**INSTRUCTIONS TO FOLLOW**
For this exercise, write out exactly the lines from the line containing "pellet stove applications." through the last line of the records, and no other lines.

Segment Start: MATERIAL SUPPLIED

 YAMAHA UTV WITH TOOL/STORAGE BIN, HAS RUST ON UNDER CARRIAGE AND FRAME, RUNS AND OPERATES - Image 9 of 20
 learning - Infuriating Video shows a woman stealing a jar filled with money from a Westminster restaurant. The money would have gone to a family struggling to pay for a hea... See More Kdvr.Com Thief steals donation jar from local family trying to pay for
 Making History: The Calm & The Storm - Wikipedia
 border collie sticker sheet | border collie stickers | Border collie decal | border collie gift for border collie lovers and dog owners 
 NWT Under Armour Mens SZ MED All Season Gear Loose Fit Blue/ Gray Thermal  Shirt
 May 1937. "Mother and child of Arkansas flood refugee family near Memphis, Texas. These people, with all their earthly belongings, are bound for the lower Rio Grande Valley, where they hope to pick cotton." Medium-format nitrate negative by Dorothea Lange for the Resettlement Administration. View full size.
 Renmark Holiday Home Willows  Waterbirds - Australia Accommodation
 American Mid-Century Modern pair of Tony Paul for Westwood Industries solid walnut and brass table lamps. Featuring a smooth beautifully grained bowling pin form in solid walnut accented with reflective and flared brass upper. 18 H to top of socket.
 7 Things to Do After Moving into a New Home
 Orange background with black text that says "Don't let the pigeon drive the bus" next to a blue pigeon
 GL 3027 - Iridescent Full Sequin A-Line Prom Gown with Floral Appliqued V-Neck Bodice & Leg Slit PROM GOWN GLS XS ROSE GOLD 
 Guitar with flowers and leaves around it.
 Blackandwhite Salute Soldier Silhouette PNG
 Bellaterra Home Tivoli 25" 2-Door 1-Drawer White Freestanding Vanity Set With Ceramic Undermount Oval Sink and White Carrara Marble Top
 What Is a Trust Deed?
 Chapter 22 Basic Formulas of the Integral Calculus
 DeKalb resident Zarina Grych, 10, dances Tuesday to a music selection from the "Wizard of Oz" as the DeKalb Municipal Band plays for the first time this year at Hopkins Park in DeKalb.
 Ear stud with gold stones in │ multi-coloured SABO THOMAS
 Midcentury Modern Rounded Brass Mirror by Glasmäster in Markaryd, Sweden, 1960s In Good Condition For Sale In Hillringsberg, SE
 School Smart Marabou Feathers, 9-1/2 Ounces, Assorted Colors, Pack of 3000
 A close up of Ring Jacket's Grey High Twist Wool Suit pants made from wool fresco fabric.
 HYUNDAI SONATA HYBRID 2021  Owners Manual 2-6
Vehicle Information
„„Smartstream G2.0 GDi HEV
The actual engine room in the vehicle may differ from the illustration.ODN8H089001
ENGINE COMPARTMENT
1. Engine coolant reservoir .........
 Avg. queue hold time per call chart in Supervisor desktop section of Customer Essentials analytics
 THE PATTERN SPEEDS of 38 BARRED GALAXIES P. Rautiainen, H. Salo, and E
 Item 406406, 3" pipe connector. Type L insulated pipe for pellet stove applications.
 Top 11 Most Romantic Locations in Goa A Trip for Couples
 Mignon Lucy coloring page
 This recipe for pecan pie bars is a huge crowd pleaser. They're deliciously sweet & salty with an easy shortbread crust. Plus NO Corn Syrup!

Segment End: MATERIAL SUPPLIED

**TASK SOLUTION**
 Item 406406, 3" pipe connector. Type L insulated pipe for pellet stove applications.
 Top 11 Most Romantic Locations in Goa A Trip for Couples
 Mignon Lucy coloring page
 This recipe for pecan pie bars is a huge crowd pleaser. They're deliciously sweet & salty with an easy shortbread crust. Plus NO Corn Syrup!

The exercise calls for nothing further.